Le temps de vivre (extraits)
Le temps trace sur ton corps l'encre des jours qui passent
avec le ressac de mes désirs tes cicatrices
fermées comme ta bouche ton sommeil et tes livres
ressassent un passé dont j'ignore les latences
et la vague sur toi laisse rouiller son aurore
en petites aspérités qui tremblent timides
au creux de ta peau où les années sans voix palpitent
j'écoute ton cœur comme un coquillage inconstant
qui rythme mes rêves de la surdité du temps
et ton regard s'est dévêtu de mes paysages
le chant des choses tu vois sera notre atout blanc
notre détresse de lumière aux gouttes d'attente
aux doigts du vent venu mourir sur ma page ouverte
***
Voici ton silence ouvert porté à mon estime
ton odeur qui m'accueille dans mon for de faiblesse
les lieux qui se souviennent du linge blanc des vignes
qu'est-ce qui défaille en moi quand j'attends tes deux mains
et que la caresse de tes mots ne me vient pas
qu'ai-je attendu dans notre demeure d'impatience ?
et pourquoi guetter ce qui ne me nomme que seul
au séjour de la pluie soulevant toutes mes villes
traversées comme autant de semblables qui m'ignorent ?

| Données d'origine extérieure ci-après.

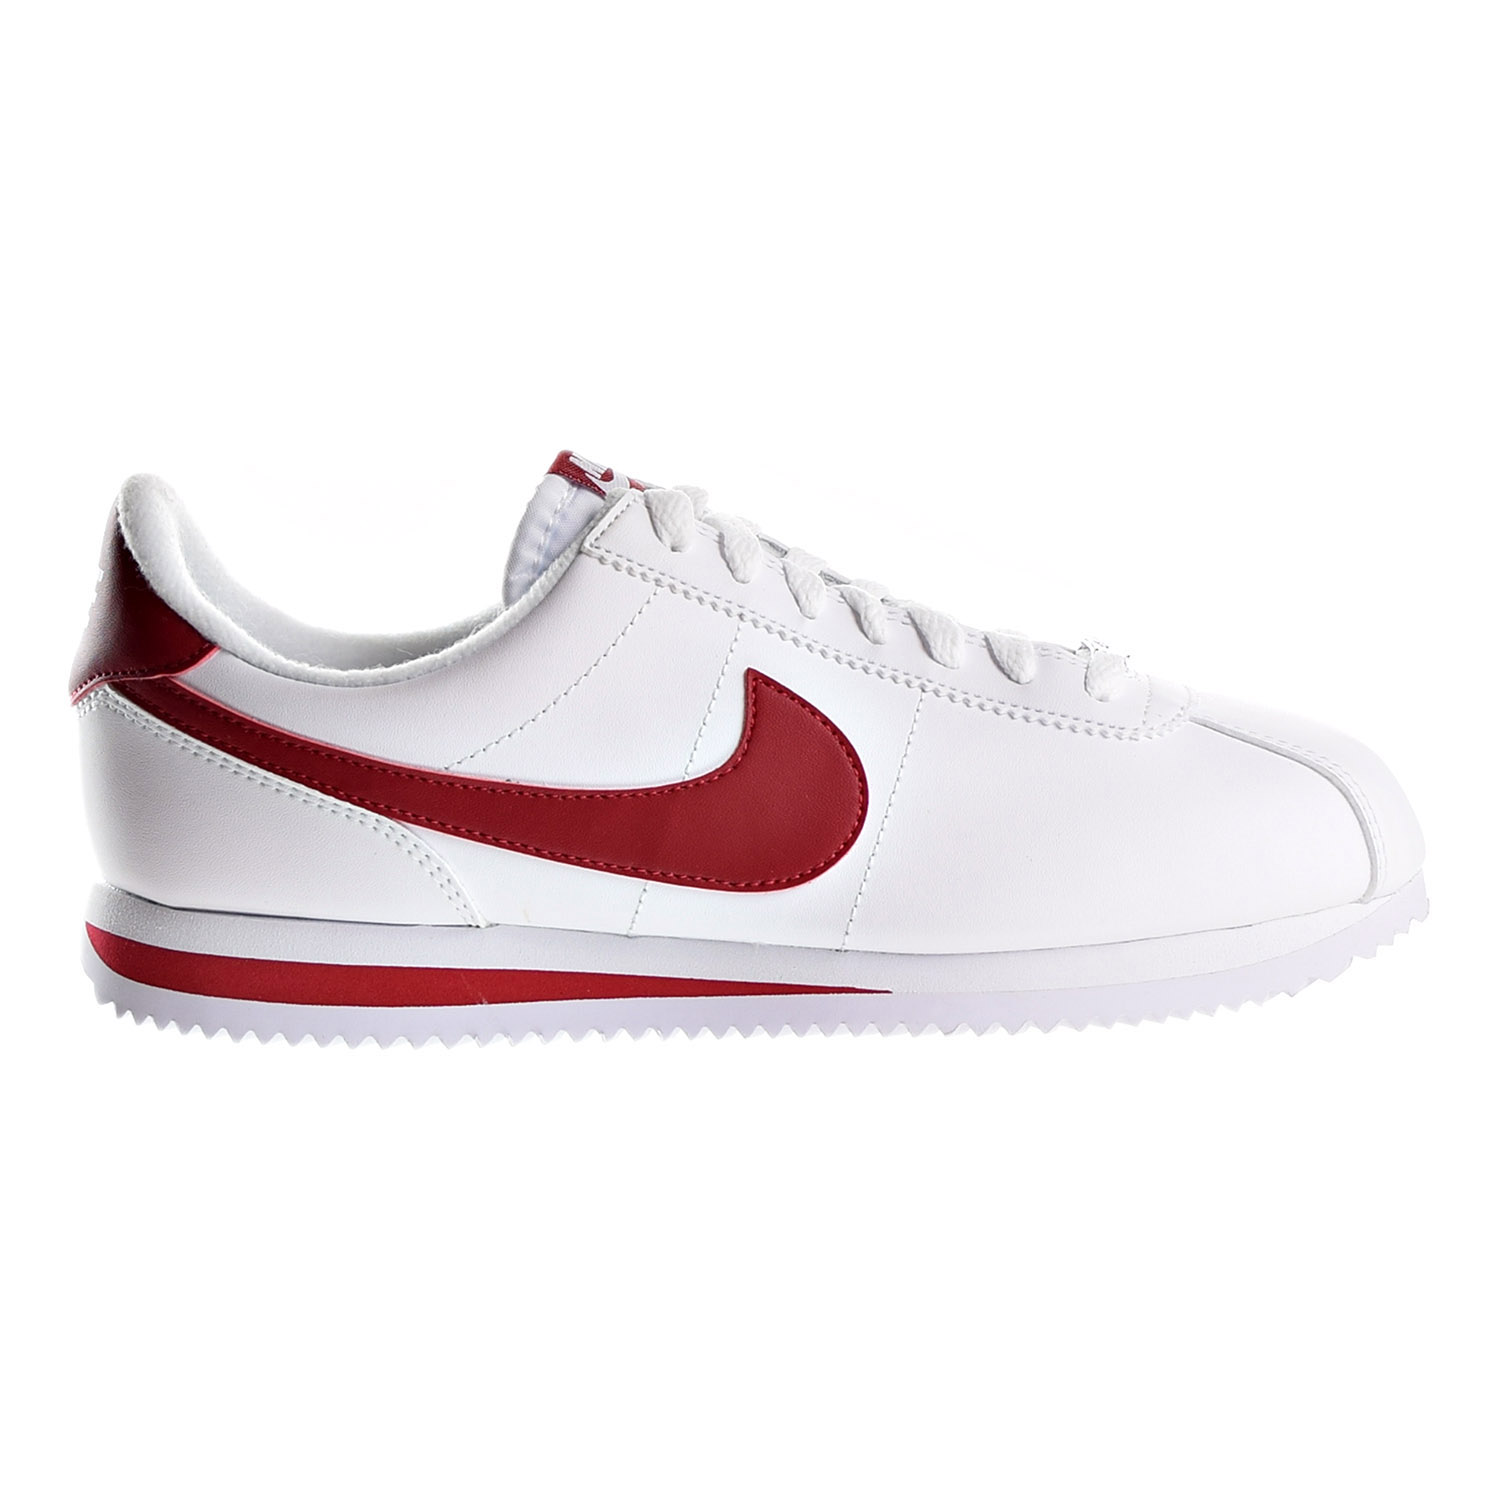 Nike Cortez Basic Leather Men's White/Gym Red 819719-101 | eBay
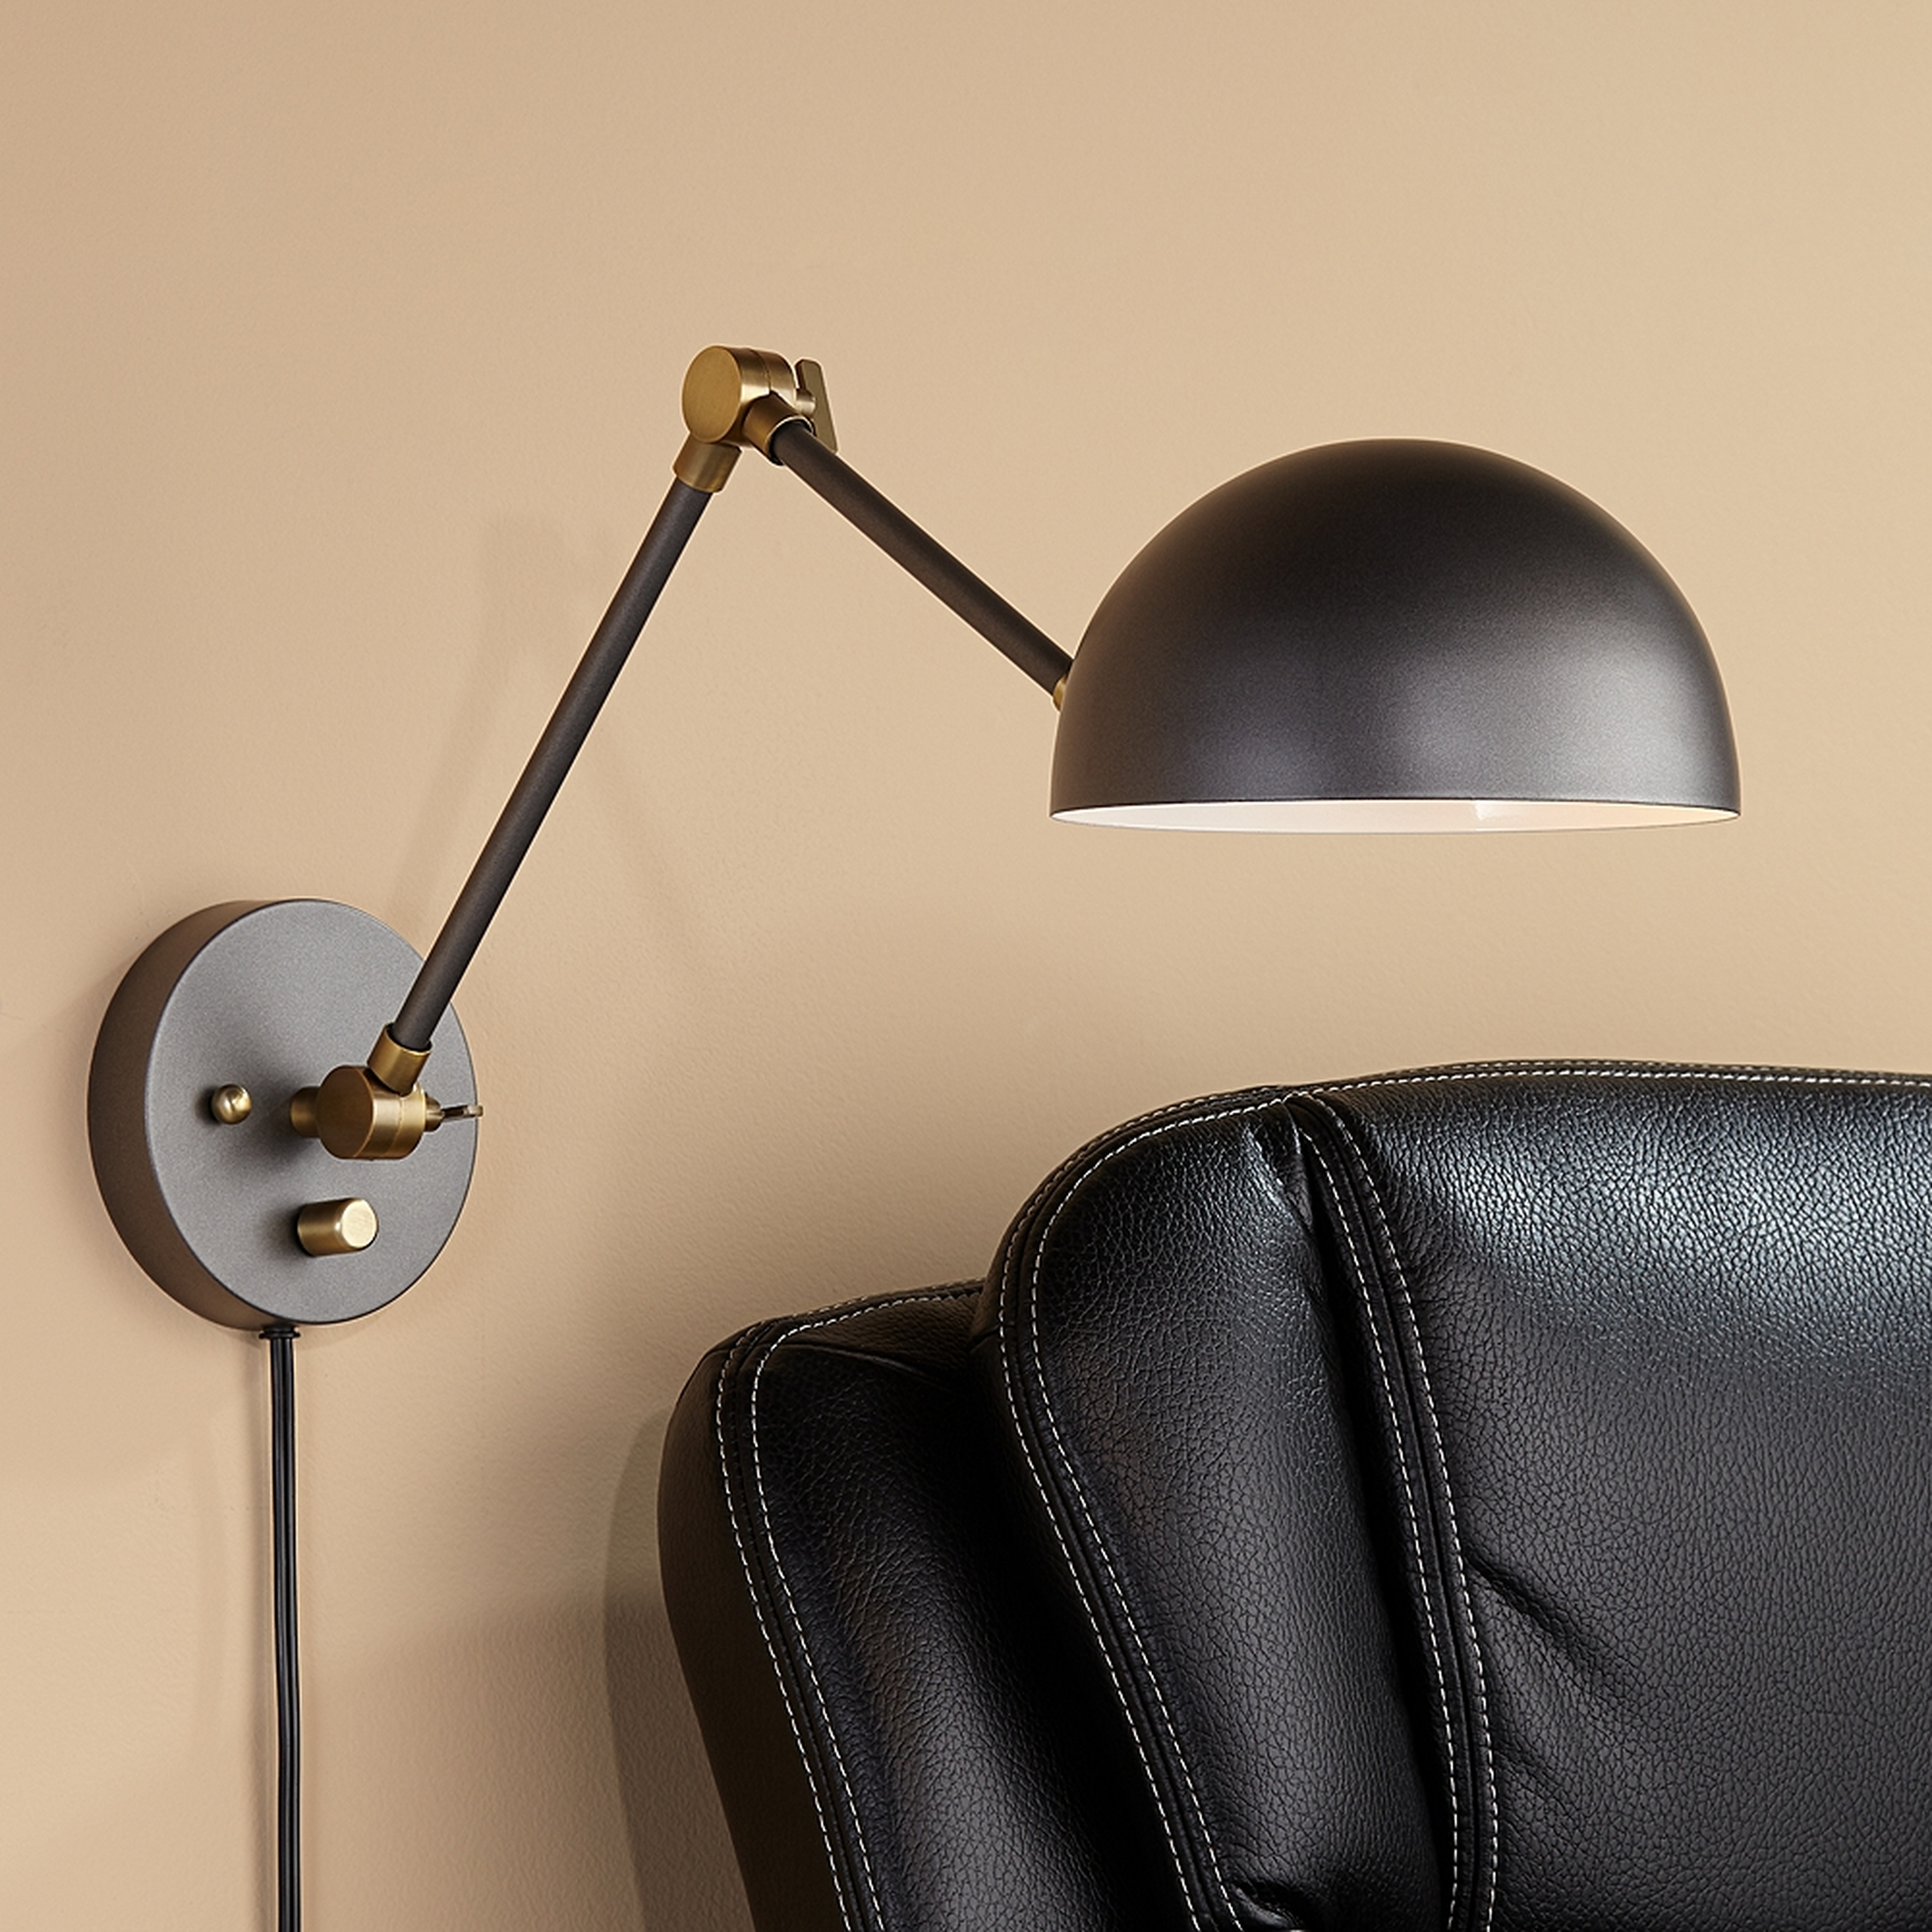 Kenora Gunmetal and Brass Plug-In Swing Arm Wall Lamp - Style # 76D36 - Lamps Plus

Quelqu'un m'appelle encore au-delà de notre amour
et j'ai hâte de rejoindre nos après-midi
d'enfance là-bas où les arbres tristes s'accroissent
de nos passions perdues d'adultes enracinés
***
et je m'accrois de mes grands miroirs d'incertitude
un entre-ciel gisait dans les sommeils de ta voix
la fenêtre hésitait au pas de mes mots d'hiver
on se contemple neige dans les yeux de l'oubli
et moi savais-je l'amour si tendu de tendresse
qu'à peine un fil me rattrape au vol de ta mémoire
je me représente si loin de tes souvenirs
quelque part entre toi et toi-même à parcourir
en chemins de toi perdus les plus vieux univers
tout un monde lointain restait à jamais fixé
entre le rire et les larmes accords de violoncelle
de nos amours décelées sous nos soleils de givre
je me sais dans tes saisons et tu ris dans mes rêves
MIGUEL COELHO
Né en 1973, Miguel Coelho enseigne la philosophie dans les Hautes Alpes. Il a publié un poème, « Le pas du jour », dans le numéro 17 de la revue Paysages écrits, deux autres sont prévus dans le prochain numéro de la revue Les tas de mots.